В один из жарких дней цыгане с периферии спихнули оптом почти сто граммов золота. Весы у них были аптечные, с маленькими чашечками, гирьками служили копеечные монеты семидесятых – восьмидесятых годов. Копейка – грамм. Перед этим Призрак предупредил, ожидается набег налоговых инспекторов. Слухи об освобождении посредника между ментами и криминальными структурами подтвердились. Бригадир вновь занял место, отсидев восемь месяцев вместо восьми лет. Я старался не влезать в то, что меня не касалось. Поговорка: тише едешь – дальше будешь, здесь подходила в самый раз. И все равно на меня смотрели как на представителя пишущей братии. Кто-то не договаривал, или наоборот, заявлял о непорядках в надежде, что донесу куда надо. Но я ни на кого не работал. Бригадир меня сторонился, и сам держал на расстоянии. Джип ему пришлось поменять на высокозадую «Ниву», выглядел он похудевшим. Но скоро растолстеет, лицо начнет напоминать витрину одного из героев рассказа Миши Евдокимова про «морда крас-сная такая».
Стрелки на башенных часах подползли к восьми вечера. Затарив золото в кулечки, я навострился домой.
– Постоял бы, – как всегда посоветовала Андреевна. – День прибавился. Или Татьяна придет?
– Сегодня вечер отдыха, – запихивая сумку под мышку, помахал я рукой. – Желаю удачной торговли.
– С Богом, – откликнулась казачка.
По трамвайным путям направился на автобусную остановку. После окончания работы мы расставались с упоминанием Бога. Столько лет прошло после разграбления и дележа России на демократические куски, а тишь да благодать не наступали. Подрастали новые выродки, убивающие стариков и старух за мелочь в кармане. Про бомжей говорить не стоило.

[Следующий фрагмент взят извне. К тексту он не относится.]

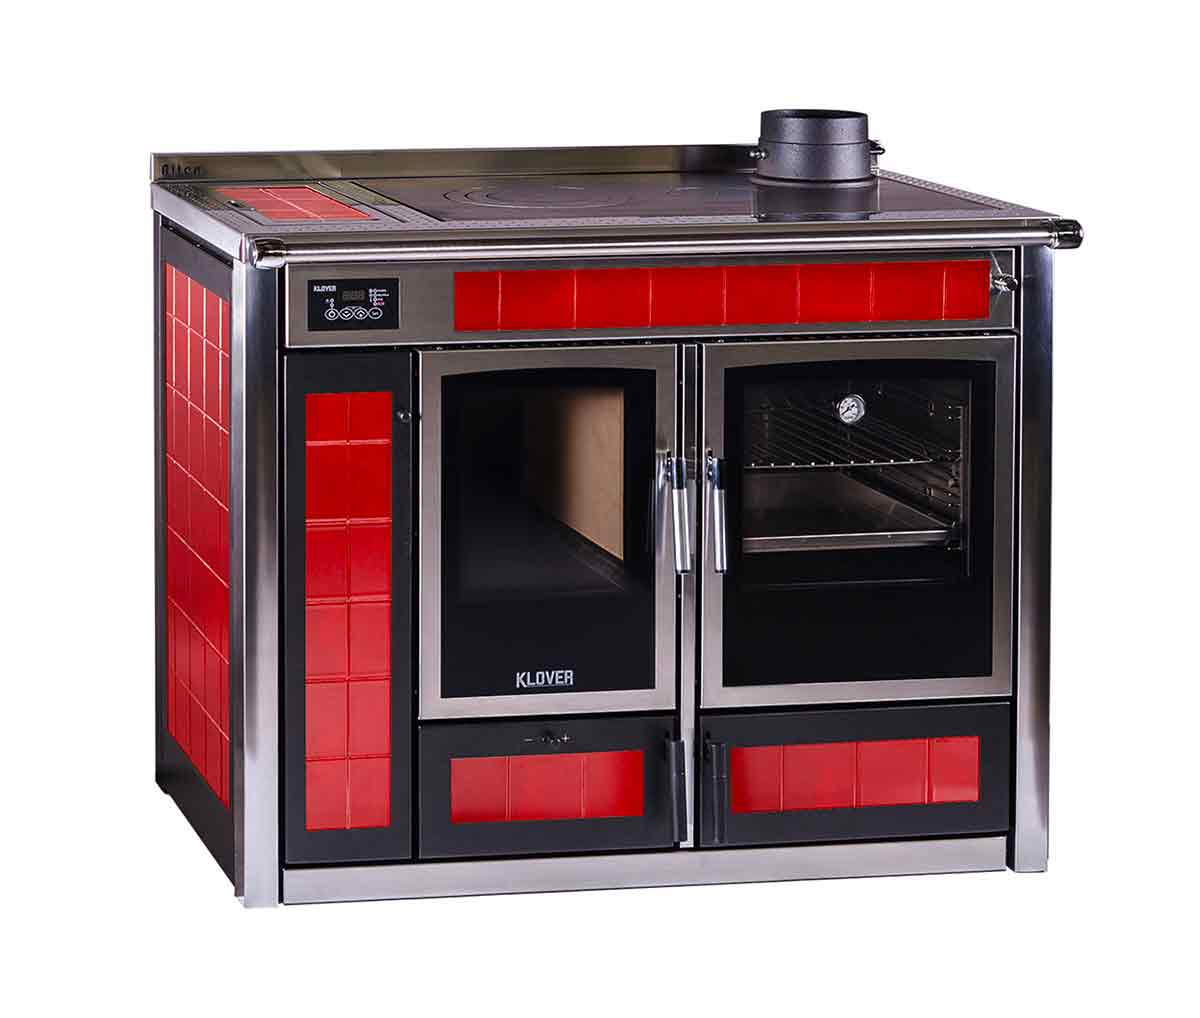 Termostufa cucina a legna ALTEA 110 - 34,9 KW - Klover Srl (Italia)
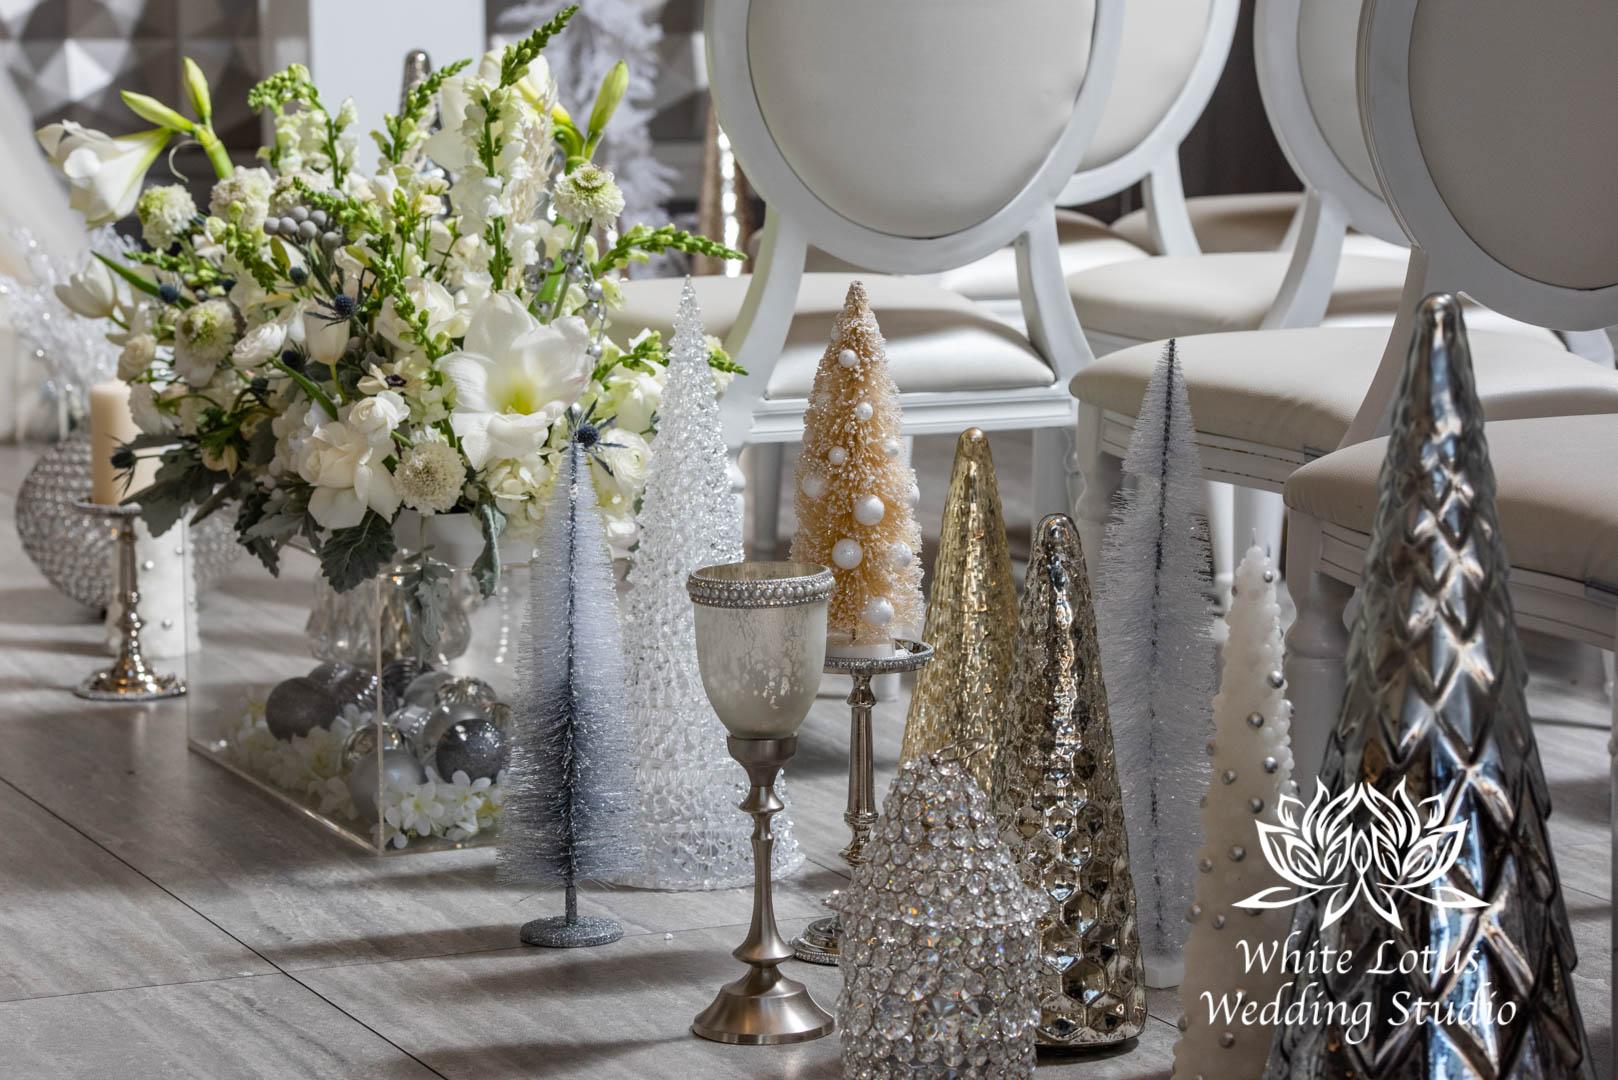 028- GLAM WINTERLUXE WEDDING INSPIRATION

Закрыв двери квартиры, я прошел на кухню. Разложив перстеньки к перстенькам, цепочки к цепочкам, кулончики с мелочью по разным кучкам, разбросал их по баночкам, залил нашатырным спиртом. Он растворял грязь. После минут пяти отмокания со взбалтыванием, их требовалось промыть в проточной воде. Разглядеть сразу какое нормальное, какое с дефектом, не представлялось возможным. Ломовухи цыганча подкинула, но несколько изделий намекали на ходовой спрос. Я занялся исследованием. Когда оставалось перебрать щепоть, зазвонил звонок над дверью. Лампочку на площадке снова выкрутили. На голос не ответили. Зажав в одной руке дежуривший в прихожей кухонный нож, в другую взял молоток. Резко толкнул дверь плечом. Внешняя, как у всех, распахивалась наружу. И едва не сбил успевшую изогнуться Маринку.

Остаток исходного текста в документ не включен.